You should stick to spankin your monkey Bucko..there is no master plan.
I guess we'll all find out when our time here is over.
Until that time I will continue to try to understand this wonderful universe that I have the privelige to inhabit.
What you are trying to convince me of is that members of an agrarian society over the period from 5000 thousand years ago to 2000 years ago, totally understood the working of the universe. That they had such a personal relationship with the Diety that everything they stated will stand for all time.
Simply, humans wrote the Bible.
Explain the knowledge these humans must have had in order to write of things that wasn't scientific fact until centuries later.
For example the Bible includes a reasonably complete description of the hydrological cycle in Psalms 135:7, Jeremiah 10:13 and Job 36:27-29. The Bible speaks of how the clouds hold vast amount of water and speaks about the hydrothermal vents in Genesis 7:11 and Job 38:16, written before 1400BC—more than 3,000 years before their discovery by science.

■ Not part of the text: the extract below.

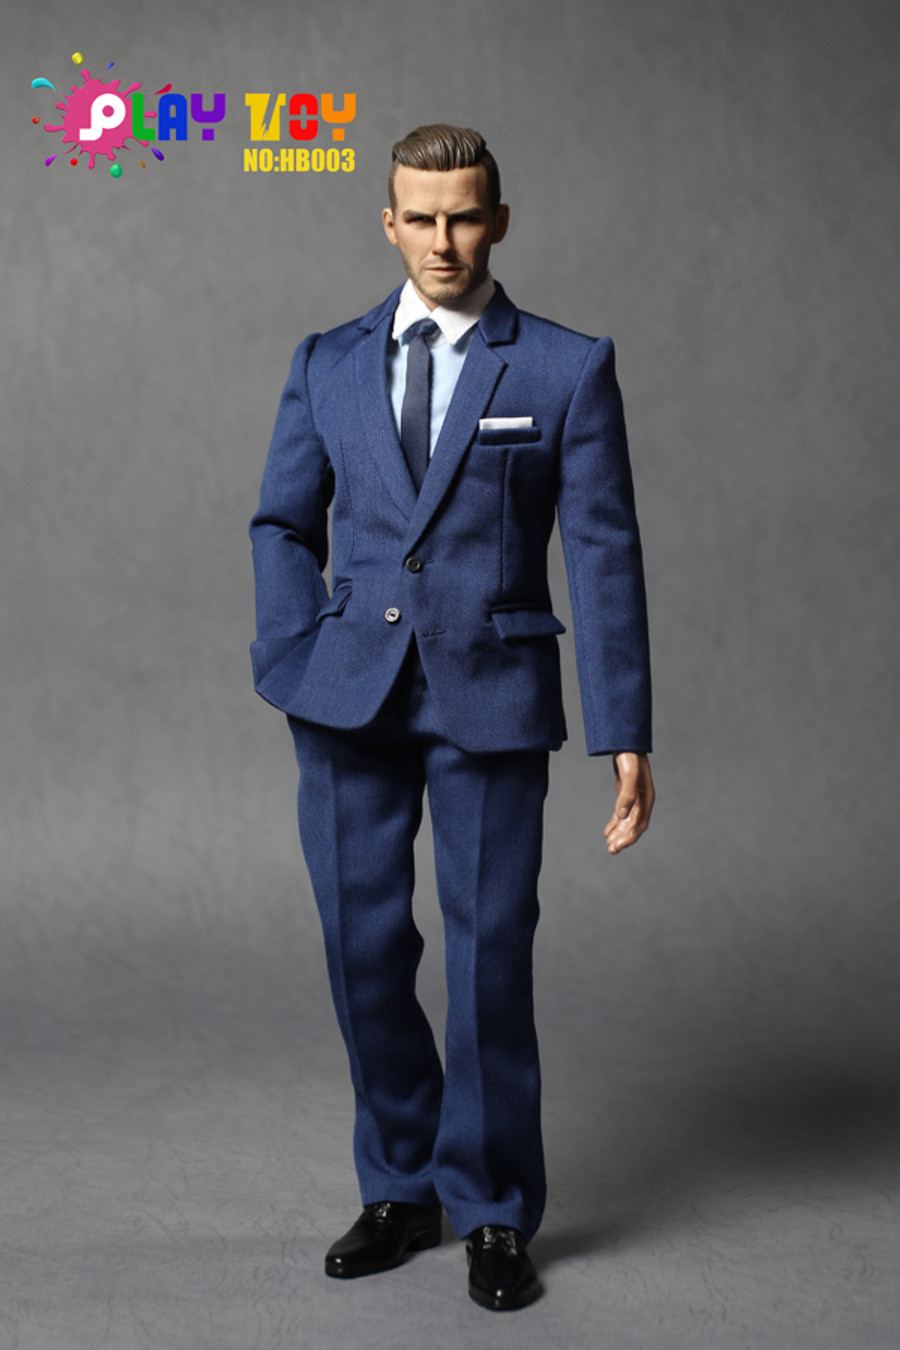 Play Toy - Stylish Man in Suit

There are statements consistent with geology, physics, paleontology, astronomy, meteorology, biology and anthropology written by men hundreds or even thousands of years before being recorded elsewhere.

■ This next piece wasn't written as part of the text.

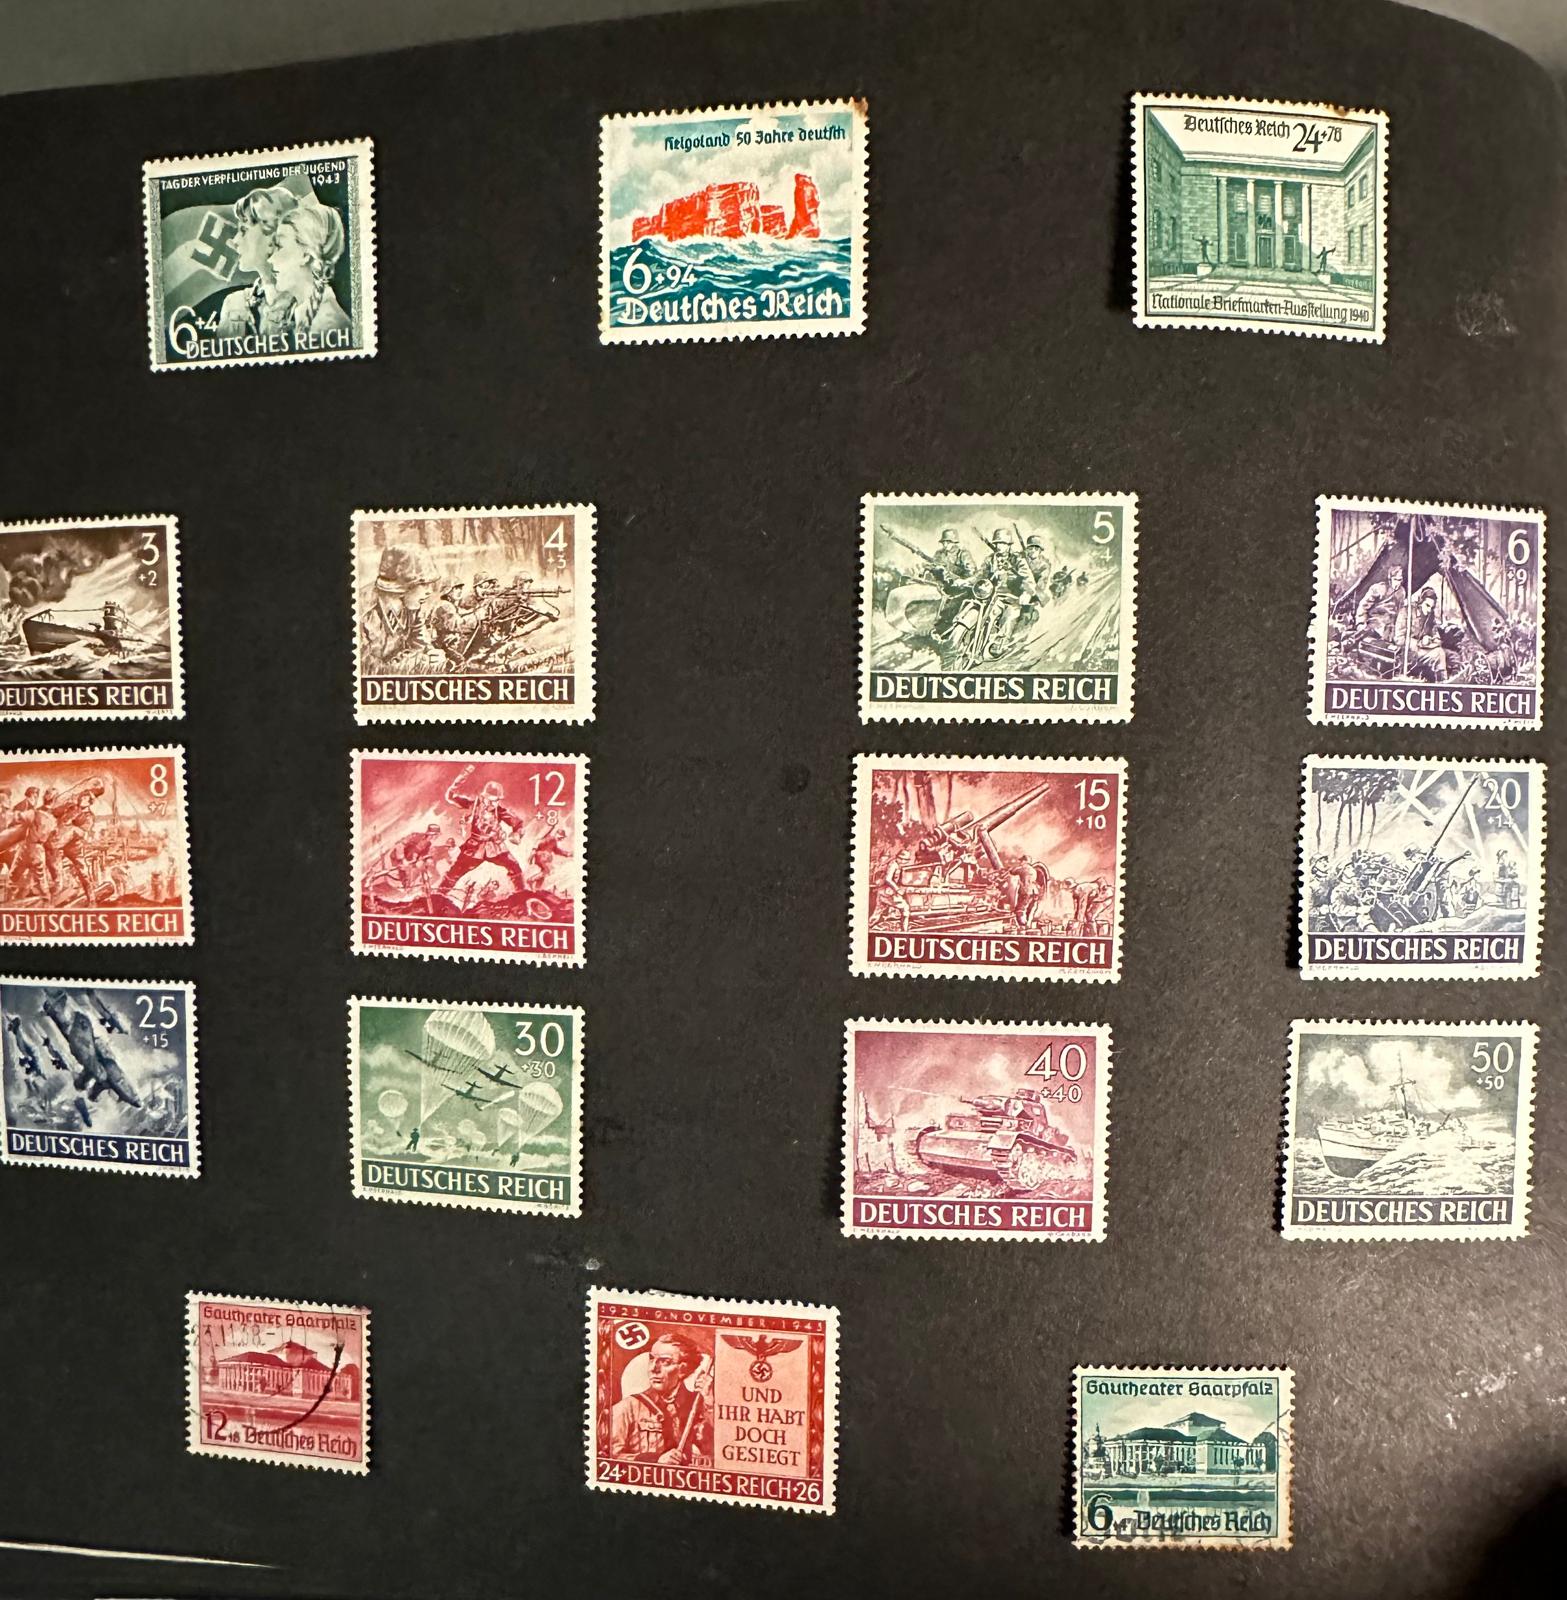 A WWII era German stamp album with a range of various stamps, denominations and issues. - Image 11 of 11

Ecclesiastes 1:6, "The wind goeth toward the south, and turneth about unto the north; it whirleth about continually, and the wind returneth again according to his circuits."

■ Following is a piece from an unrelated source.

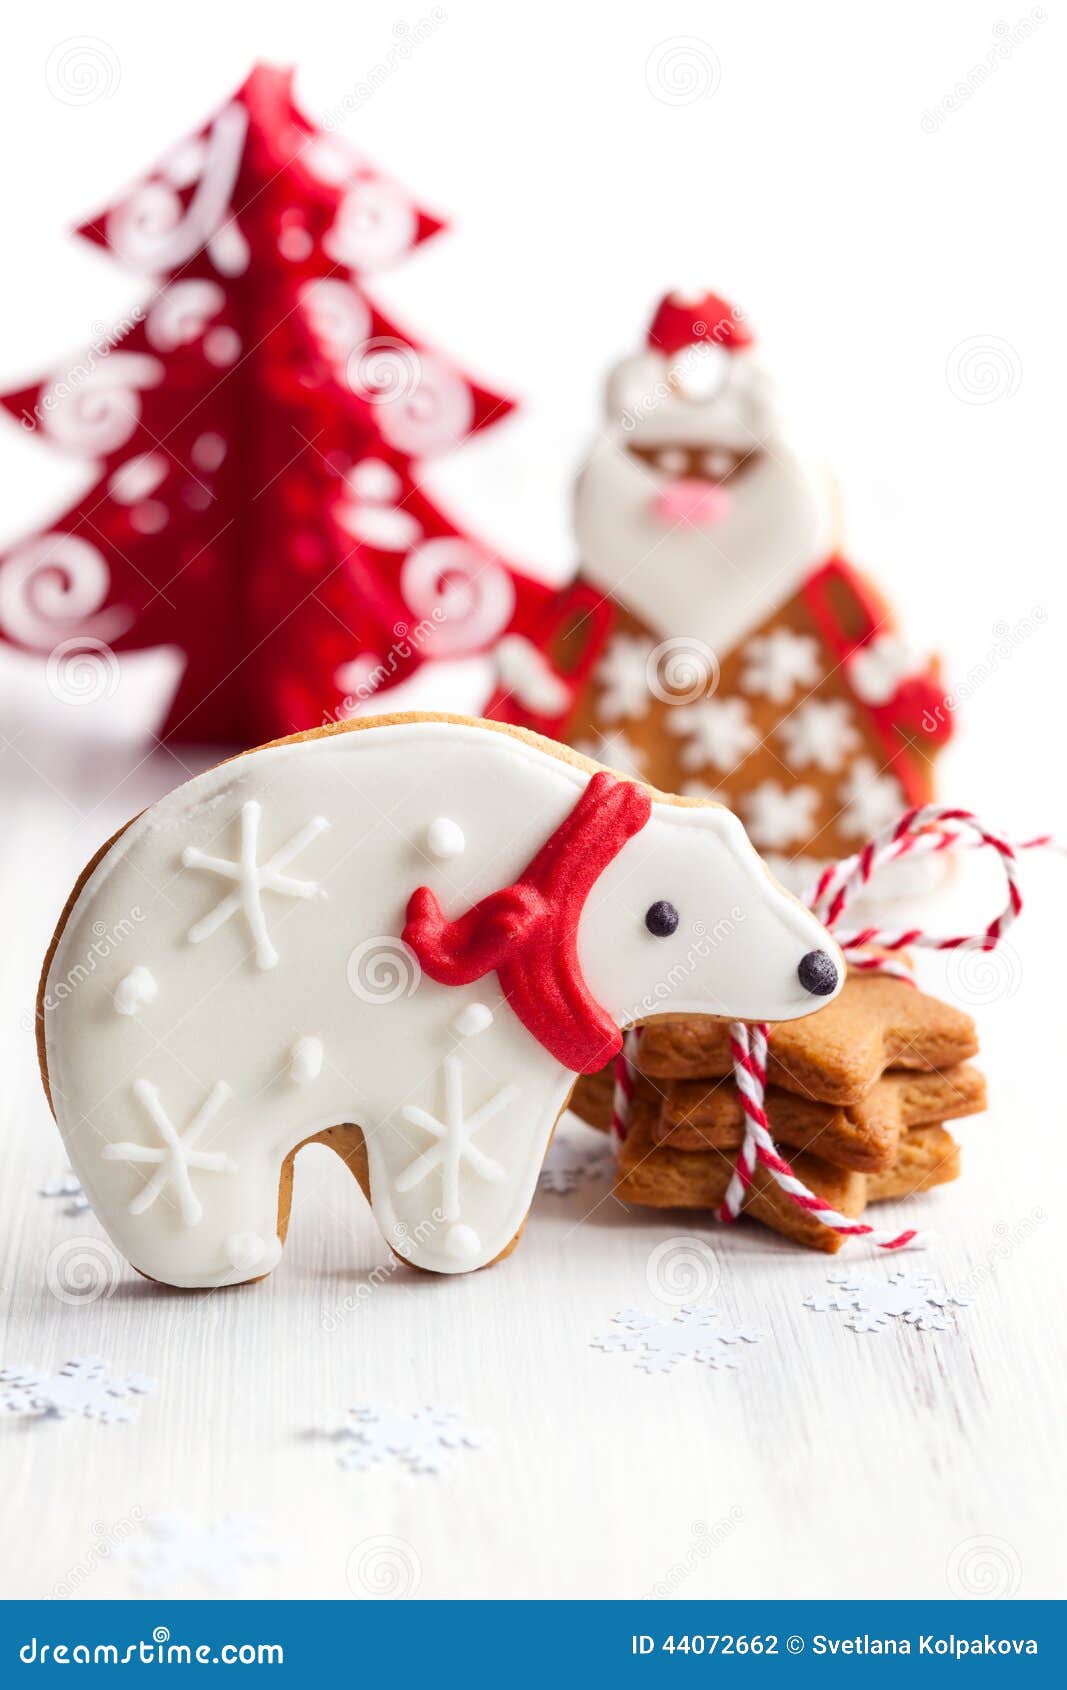 Gingerbread cookies stock photo. Image of cake, advent - 44072662

This describes the jet stream, first discovered by airmen in WWII.
In Psalms 8:8 and Isaiah 43:16 it speaks about "paths" in the ocean, it wasn't until the 1800's when scientist discovered that the oceans had circulating currents or paths.
"By faith we understand that the worlds were prepared by the word of God, so that what is seen was not made out of things which are visible." Hebrews 11"3 written between 64-68 AD.
This speaks about things made up of sub-atomic particles invisible to the naked eye. The first sub-atomic particle to be discovered by modern science was the electron. It was first discovered by J.J. Thomson in 1897.